Sur le marché pétrolier, l'anticipation d'un accord de paix a entraîné une chute des cours. Les cotations du baril de Brent de la mer du Nord et du brut américain West Texas Intermediate (WTI) ont reculé d'environ 7,5 % chacune depuis mercredi, pour s'établir respectivement à 85,80 et 83,20 dollars. Il s'agit de leurs plus bas niveaux depuis la mi-mars et la mi-avril. La confiance dans l'aboutissement d'un accord et la réouverture du détroit d'Ormuz s'est renforcée, a souligné Tamas Varga, analyste chez PVM Oil Associates. Il a toutefois rappelé que les réserves mondiales et régionales de pétrole restaient faibles et pourraient continuer à diminuer même en cas d'accord, car le rétablissement d'un approvisionnement ininterrompu prendra du temps.
Depuis le début de la guerre fin février, les prix du pétrole se sont envolés, le Brent atteignant par moments 126 dollars le baril. L'Iran bloque le trafic maritime dans le détroit d'Ormuz, par lequel transitait avant le conflit un cinquième de la demande mondiale de pétrole et de gaz naturel liquéfié.

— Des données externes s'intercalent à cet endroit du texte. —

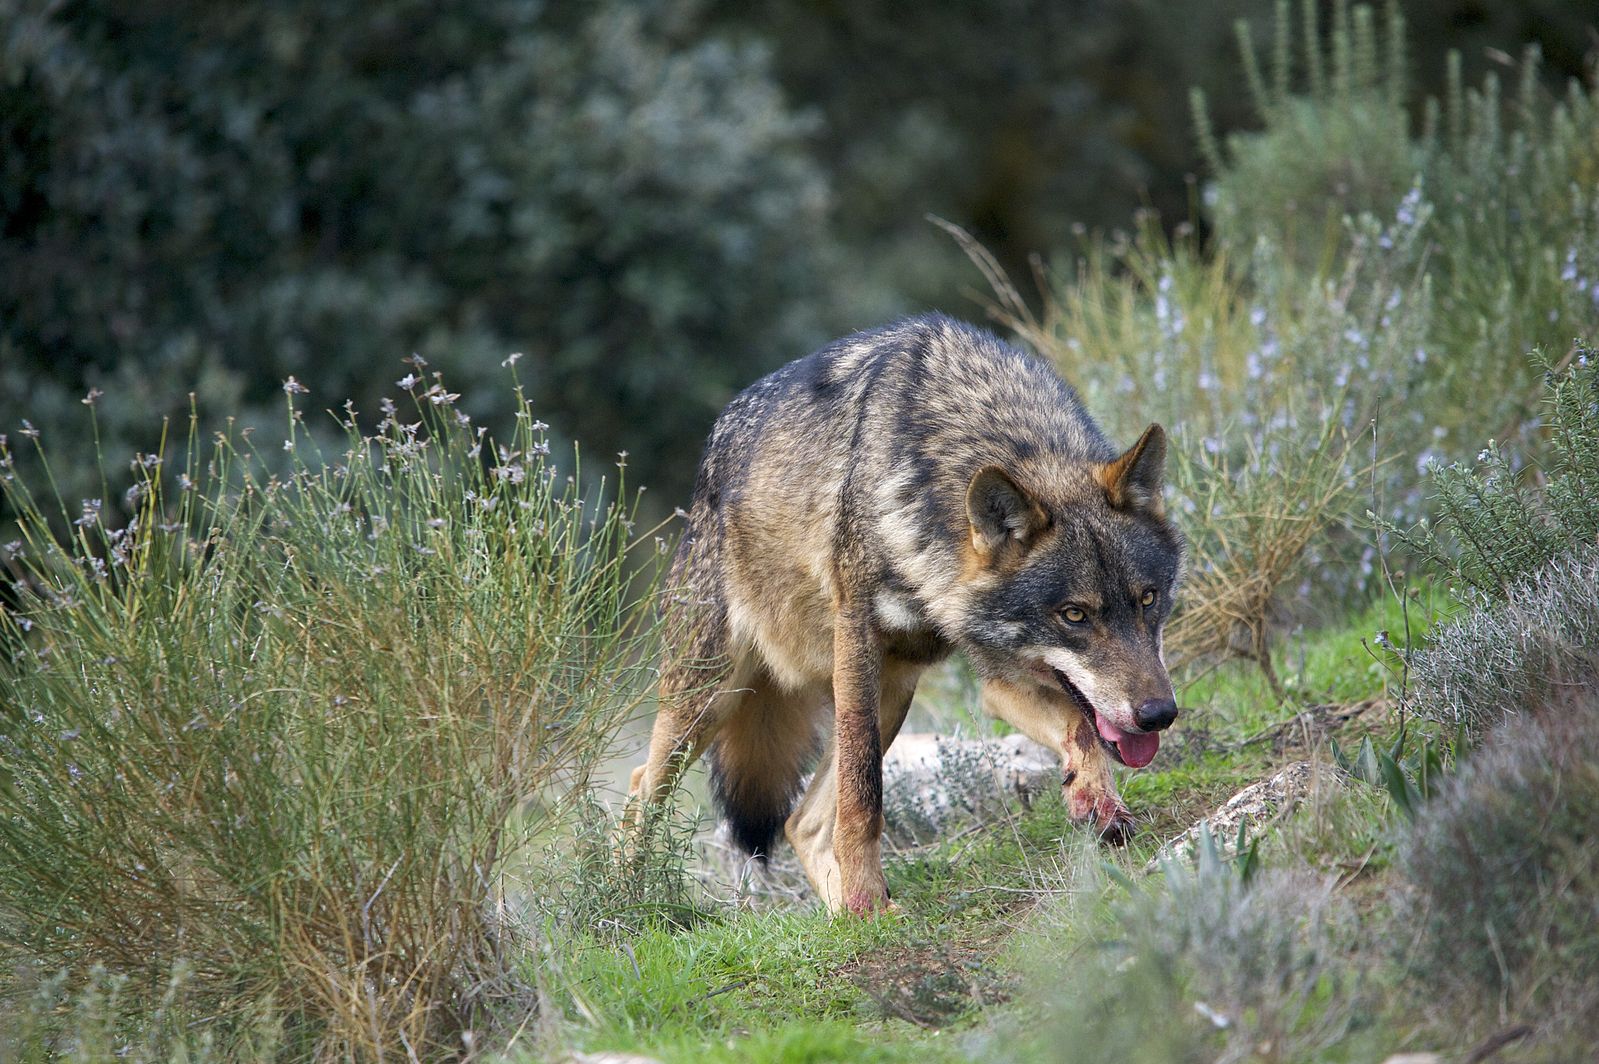 Iberian Wolf (Canis lupus signatus) alpha male in perfect "big bad wolf" pose - head down, eyes fixed, mouth open, forelegs stained with blood.

LES VALEURS BANCAIRES PROFITENT DU RALLY DE LA PAIX
L'espoir de paix a généré des gains significatifs pour de nombreuses actions. Les valeurs bancaires, sensibles à la conjoncture et aux taux d'intérêt, ont été particulièrement portées. Au sein du Dax, les titres Deutsche Bank et Commerzbank ont figuré parmi les plus fortes hausses avec des progressions respectives de 6,2 % et 4,5 %. L'indice bancaire européen a grimpé par moments de 4,2 %, atteignant son plus haut niveau depuis début février. Les valeurs financières ont bénéficié de l'apaisement des craintes de récession, couplé à une amélioration de la courbe des taux, selon un opérateur. La Banque centrale européenne (BCE) a relevé jeudi ses taux directeurs pour la première fois en près de trois ans, les portant de 2,0 % à 2,25 %. Elle devient ainsi la première grande banque centrale à durcir sa politique monétaire en réponse au choc pétrolier consécutif au conflit iranien. Le président de la Bundesbank, Joachim Nagel, juge possible une nouvelle hausse des taux en juillet. L'euro s'affichait en légère hausse à 1,1589 dollar.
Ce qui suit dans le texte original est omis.